### Collected material

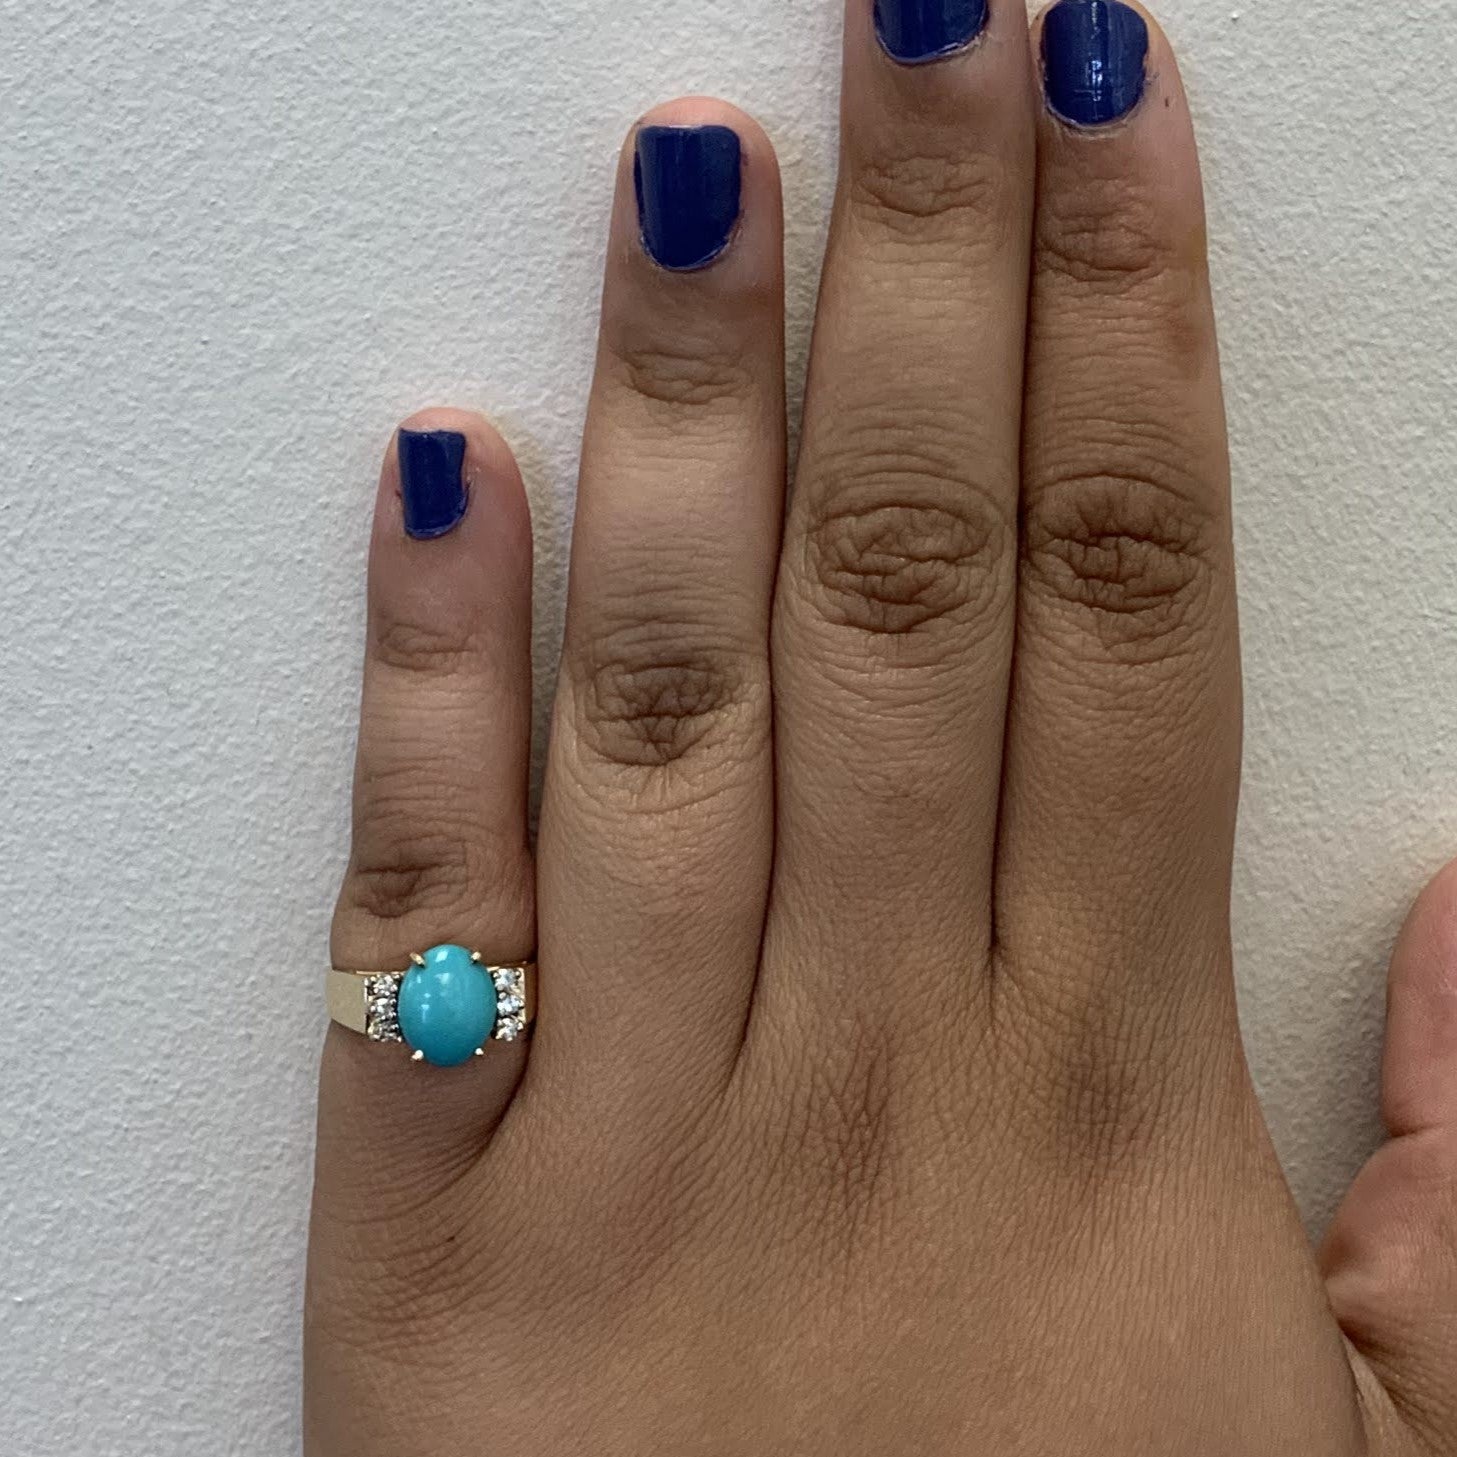 Turquoise & Diamond Ring | 1.26ct, 0.08ctw | SZ 5.75 |
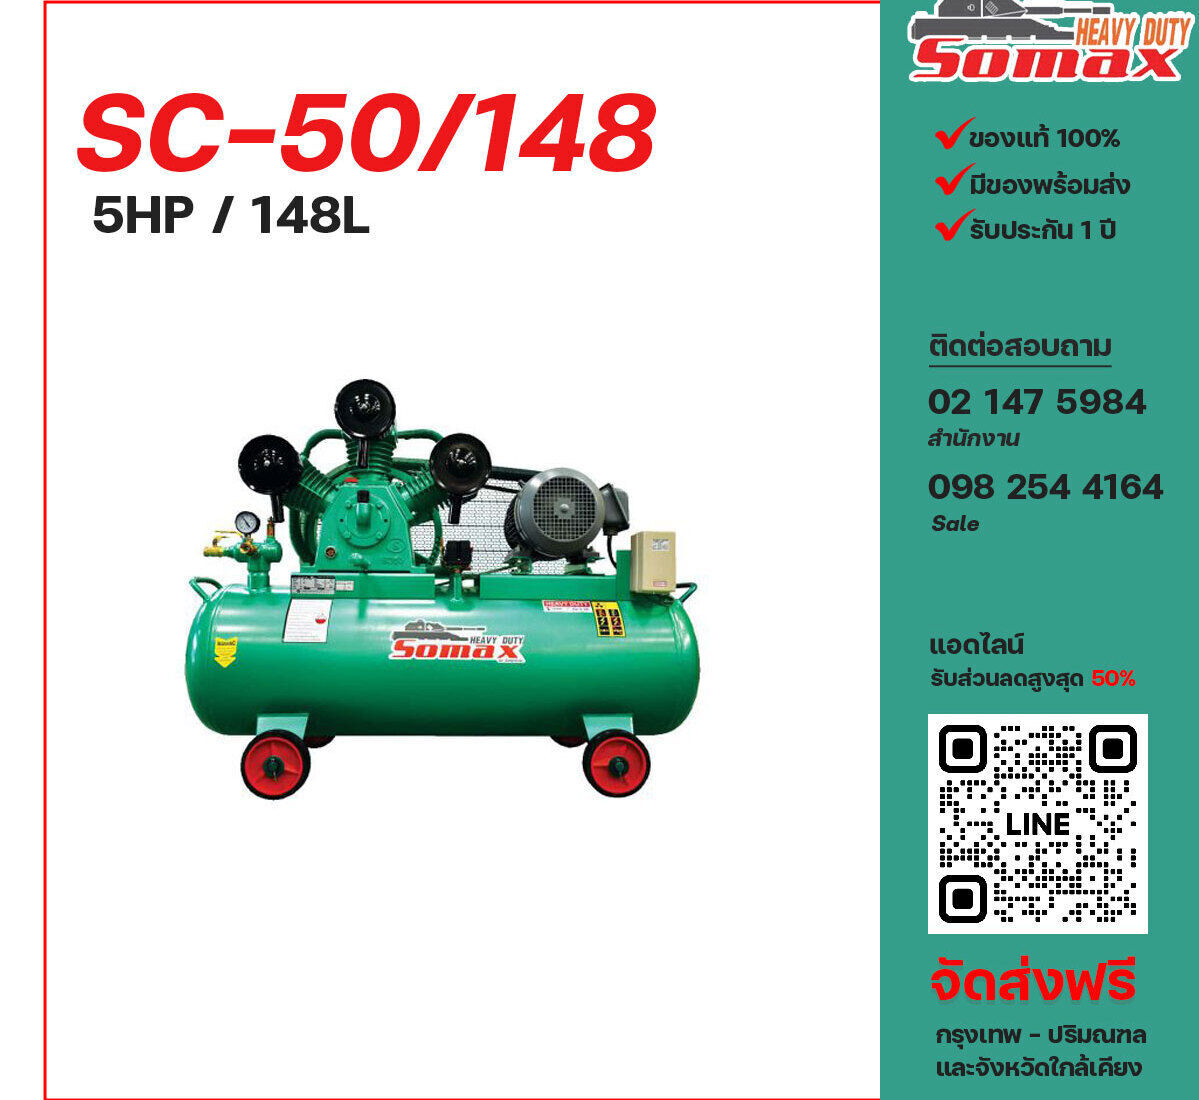 ปั๊มลมโซแม็กซ์ SOMAX SC-50/148 220V/380V ปั๊มลมลูกสูบ ขนาด 3 สูบ 5 แรงม้า 148 ลิตร SOMAX พร้อมมอเตอร์ ไฟ 220V/380V ส่งฟรี กรุงเทพฯ-ปริมณฑล รับประกัน 1 ปี
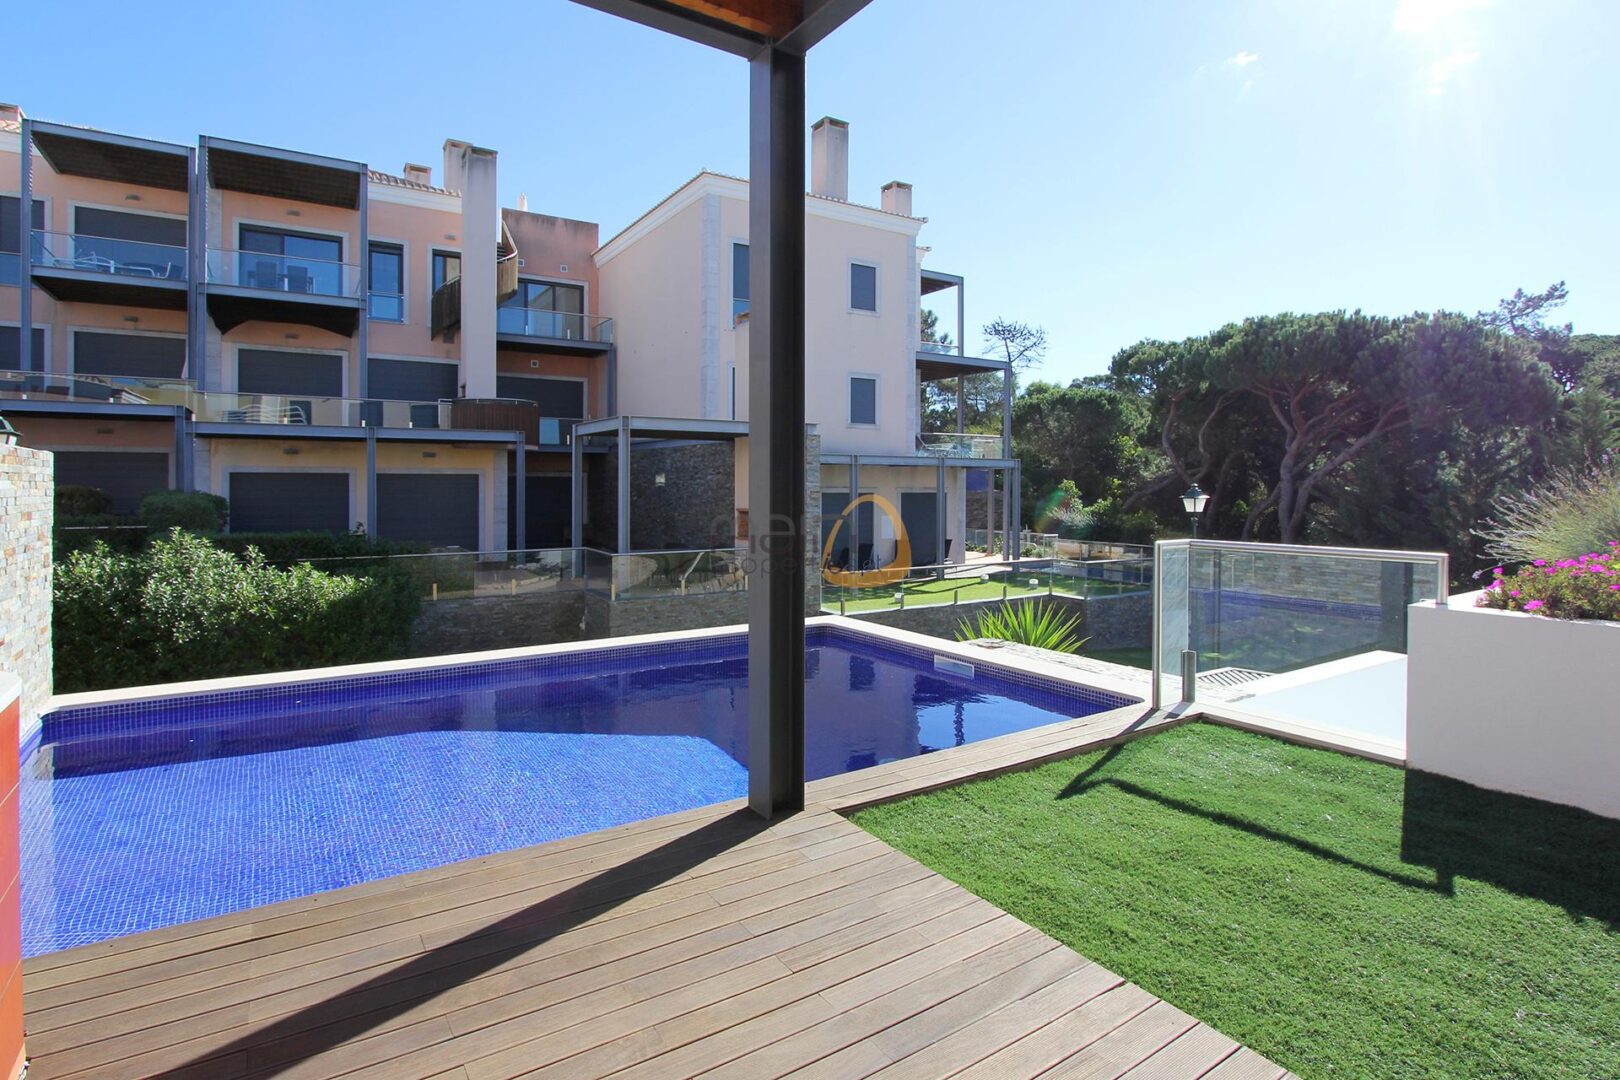 2 bedroom modern villa with private pool in Vale do Lobo
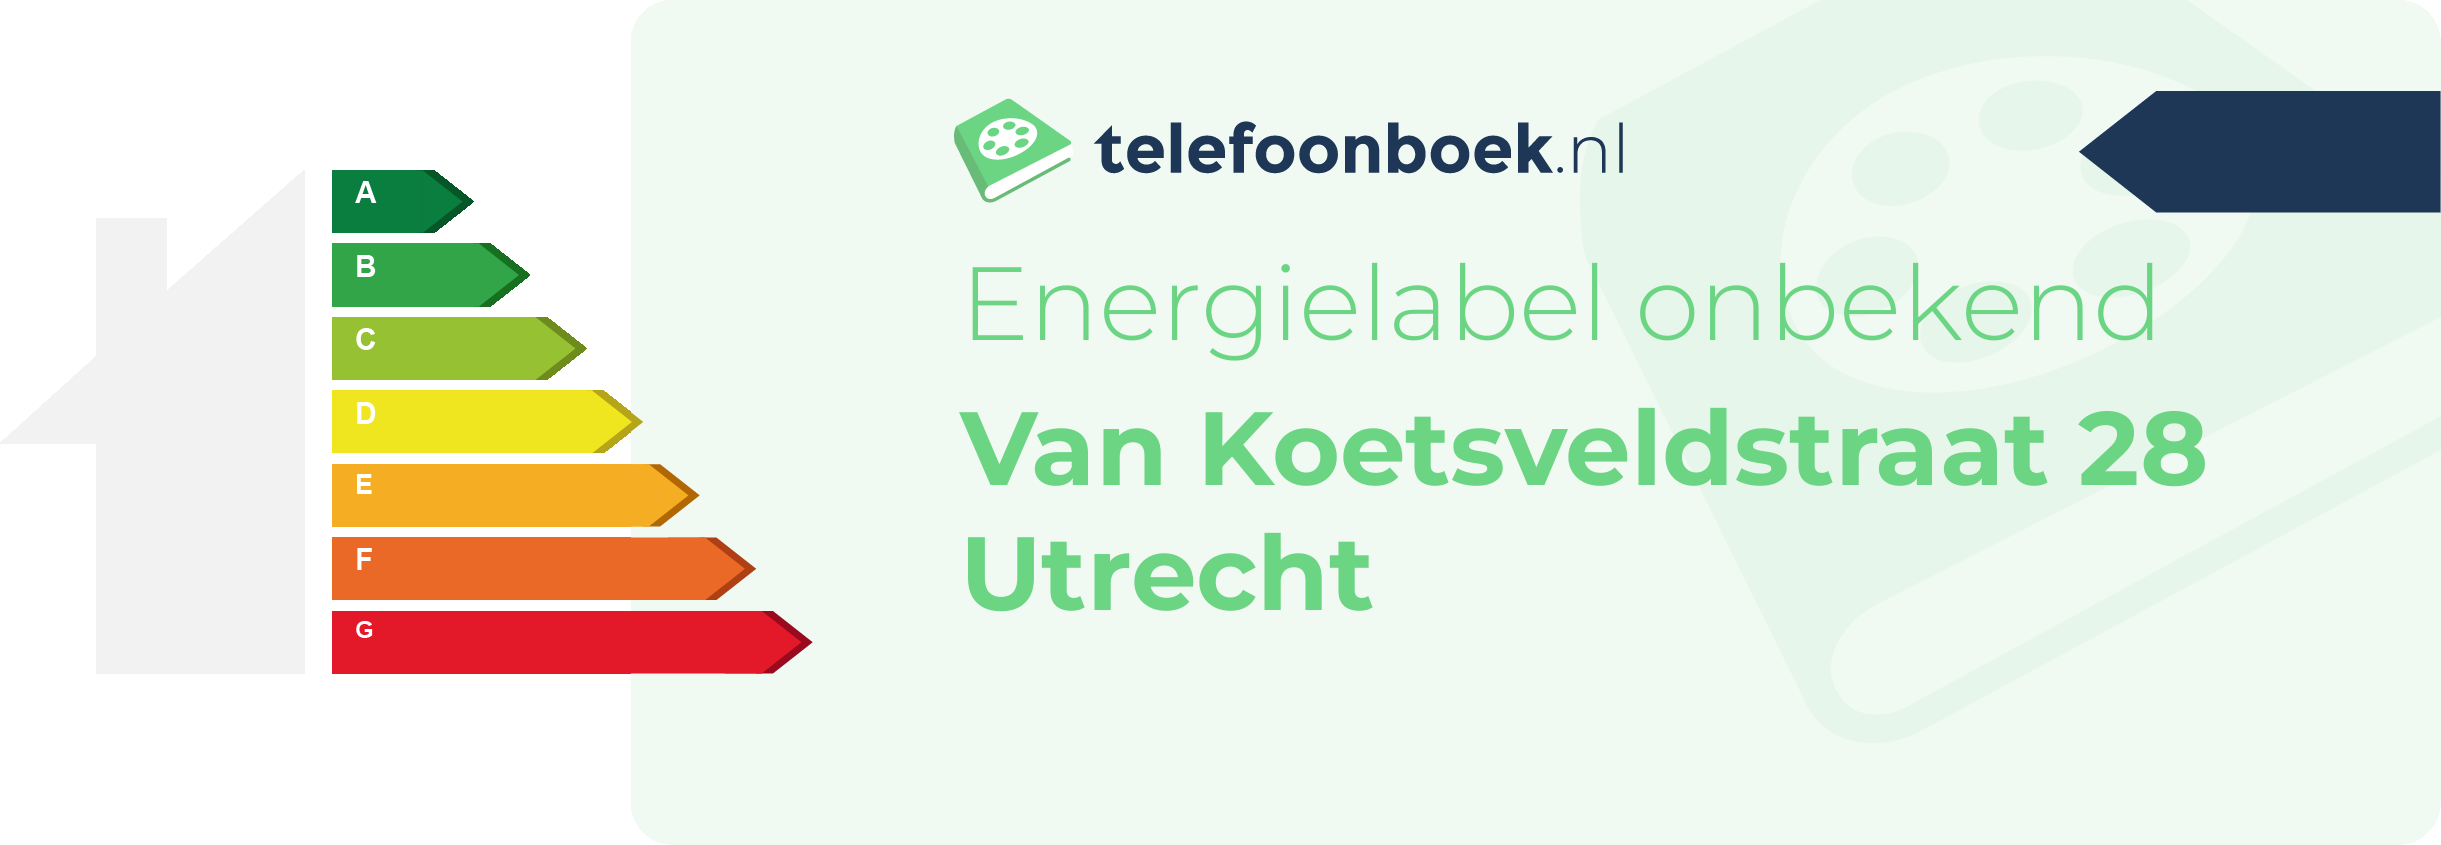 Energielabel Van Koetsveldstraat 28 Utrecht

### Try it
Copy the listing character for character, pictures omitted.

### Response area
 Turquoise & Diamond Ring | 1.26ct, 0.08ctw | SZ 5.75 |
 ปั๊มลมโซแม็กซ์ SOMAX SC-50/148 220V/380V ปั๊มลมลูกสูบ ขนาด 3 สูบ 5 แรงม้า 148 ลิตร SOMAX พร้อมมอเตอร์ ไฟ 220V/380V ส่งฟรี กรุงเทพฯ-ปริมณฑล รับประกัน 1 ปี
 2 bedroom modern villa with private pool in Vale do Lobo
 Energielabel Van Koetsveldstraat 28 Utrecht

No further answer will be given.